You can also export rows via JDBC. Like the example above for importing via JDBC, this is a notional example only. Change the details in it to match your database and JDBC driver, ensuring that the JDBC driver jar is in the ./ext
directory of your Flux installation:
-
./bin/flux export-jdbc \ --connection-string "flux-example-user:password@localhost:8004" \ --query "op.fromView('example', 'employees', '')" \ --jdbc-url "jdbc:postgresql://localhost/postgres?user=postgres&password=postgres" \ --jdbc-driver "org.postgresql.Driver" \ --table employees \ --mode overwrite
-
bin\flux export-jdbc ^ --connection-string "flux-example-user:password@localhost:8004" ^ --query "op.fromView('example', 'employees', '')" ^ --jdbc-url "jdbc:postgresql://localhost/postgres?user=postgres&password=postgres" ^ --jdbc-driver "org.postgresql.Driver" ^ --table employees ^ --mode overwrite
Previewing commands
For many data movement use cases, it can be helpful to see a preview of the data read from a particular source before any processing occurs to write that data to a destination. Flux supports this via a --preview
option that accepts a number of records to read and display, but without writing the data anywhere.
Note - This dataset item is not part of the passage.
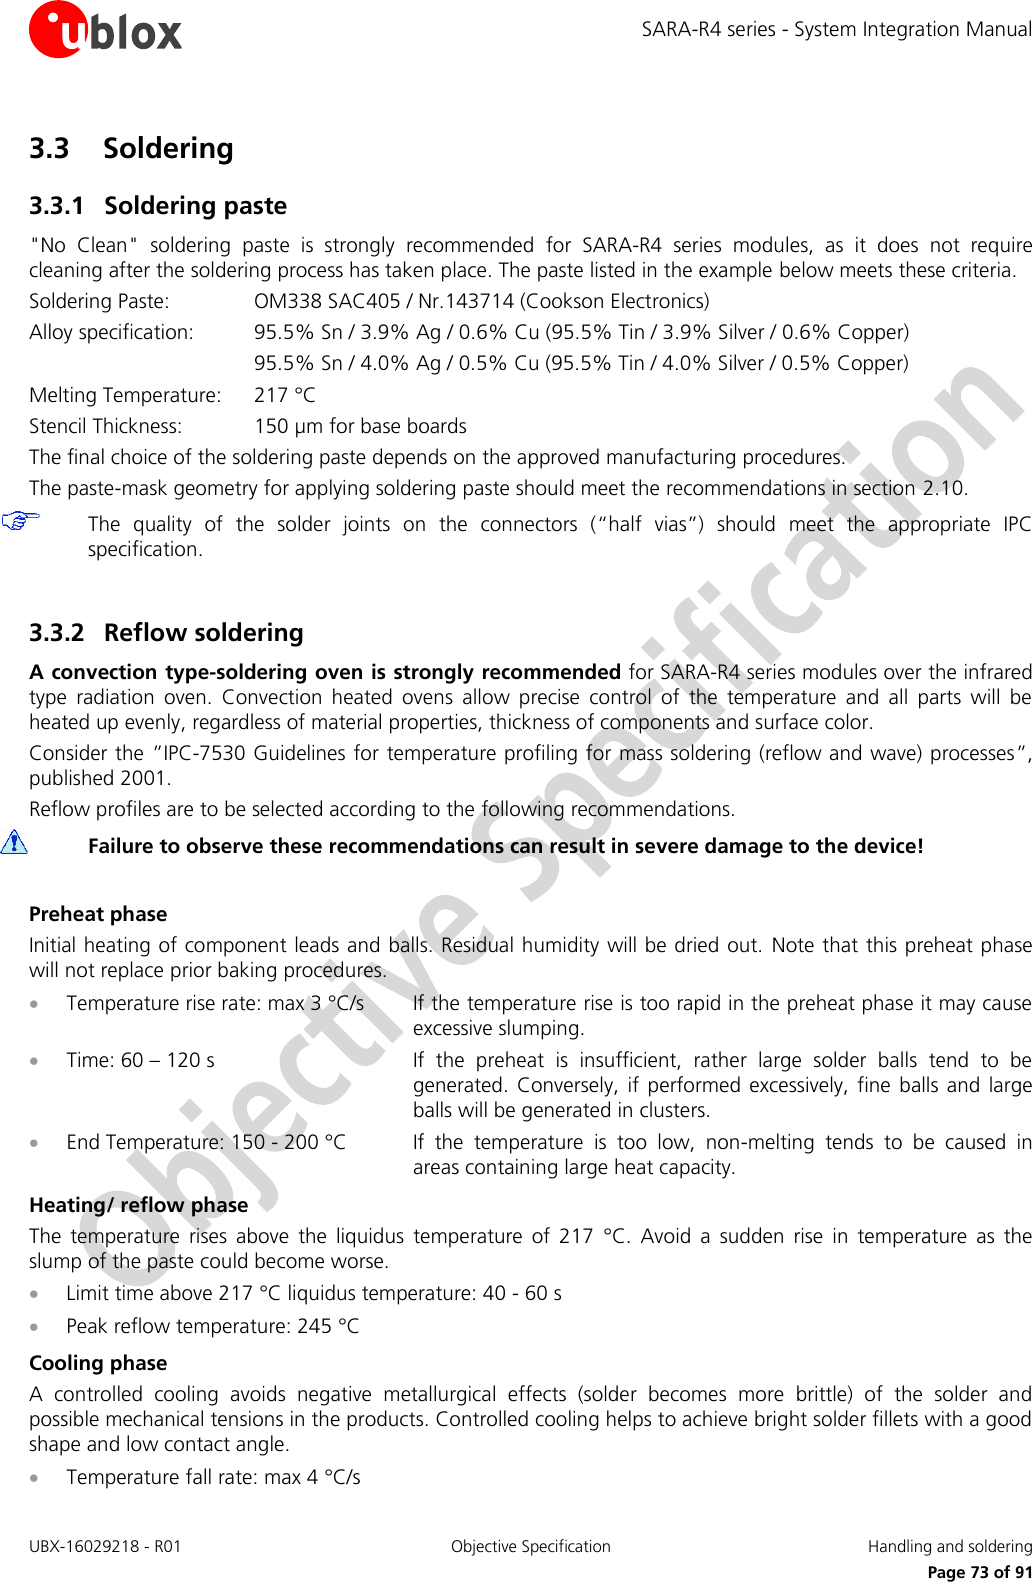 SARA-R4 series - System Integration Manual UBX-16029218 - R01  Objective Specification  Handling and soldering     Page 73 of 91 3.3 Soldering 3.3.1 Soldering paste &quot;No  Clean&quot;  soldering  paste  is  strongly  recommended  for  SARA-R4  series  modules,  as  it  does  not  require cleaning after the soldering process has taken place. The paste listed in the example below meets these criteria. Soldering Paste:    OM338 SAC405 / Nr.143714 (Cookson Electronics) Alloy specification:  95.5% Sn / 3.9% Ag / 0.6% Cu (95.5% Tin / 3.9% Silver / 0.6% Copper)       95.5% Sn / 4.0% Ag / 0.5% Cu (95.5% Tin / 4.0% Silver / 0.5% Copper) Melting Temperature:   217 °C Stencil Thickness:  150 µm for base boards The final choice of the soldering paste depends on the approved manufacturing procedures. The paste-mask geometry for applying soldering paste should meet the recommendations in section 2.10.  The  quality  of  the  solder  joints  on  the  connectors  (“half  vias”)  should  meet  the  appropriate  IPC specification.  3.3.2 Reflow soldering A convection type-soldering oven is strongly recommended for SARA-R4 series modules over the infrared type  radiation  oven.  Convection  heated  ovens  allow  precise  control  of  the  temperature  and  all  parts  will  be heated up evenly, regardless of material properties, thickness of components and surface color. Consider the ”IPC-7530 Guidelines for temperature profiling for mass soldering (reflow and wave) processes”, published 2001. Reflow profiles are to be selected according to the following recommendations.  Failure to observe these recommendations can result in severe damage to the device!  Preheat phase Initial heating of component leads and balls. Residual humidity will be dried out.  Note that this preheat phase will not replace prior baking procedures.  Temperature rise rate: max 3 °C/s  If the temperature rise is too rapid in the preheat phase it may cause excessive slumping.  Time: 60 – 120 s  If  the  preheat  is  insufficient,  rather  large  solder  balls  tend  to  be generated.  Conversely, if  performed excessively,  fine  balls  and  large balls will be generated in clusters.  End Temperature: 150 - 200 °C  If  the  temperature  is  too  low,  non-melting  tends  to  be  caused  in areas containing large heat capacity. Heating/ reflow phase The  temperature  rises  above  the  liquidus  temperature  of  217  °C.  Avoid  a  sudden  rise  in  temperature  as  the slump of the paste could become worse.  Limit time above 217 °C liquidus temperature: 40 - 60 s  Peak reflow temperature: 245 °C Cooling phase A  controlled  cooling  avoids  negative  metallurgical  effects  (solder  becomes  more  brittle)  of  the  solder  and possible mechanical tensions in the products. Controlled cooling helps to achieve bright solder fillets with a good shape and low contact angle.  Temperature fall rate: max 4 °C/s

The following example shows how an export command can preview 10 rows read from MarkLogic without writing any data to files:
-
./bin/flux export-parquet-files \ --connection-string "flux-example-user:password@localhost:8004" \ --query "op.fromView('example', 'employees')" \ --path export/parquet \ --preview 10
-
bin\flux export-parquet-files ^ --connection-string "flux-example-user:password@localhost:8004" ^ --query "op.fromView('example', 'employees')" ^ --path export\parquet ^ --preview 10
See the Common Options guide for more information.
Reprocessing data
The reprocess
command in Flux allows for custom code - either JavaScript or XQuery - to be executed for selecting and processing data in MarkLogic. The following shows an example of adding a new collection to each of the employee documents:
-
./bin/flux reprocess \ --connection-string "flux-example-user:password@localhost:8004" \ --read-javascript "cts.uris(null, null, cts.collectionQuery('employee'))" \ --write-javascript "declareUpdate(); xdmp.documentAddCollections(URI, 'reprocessed')"
-
bin\flux reprocess ^ --connection-string "flux-example-user:password@localhost:8004" ^ --read-javascript "cts.uris(null, null, cts.collectionQuery('employee'))" ^ --write-javascript "declareUpdate(); xdmp.documentAddCollections(URI, 'reprocessed')"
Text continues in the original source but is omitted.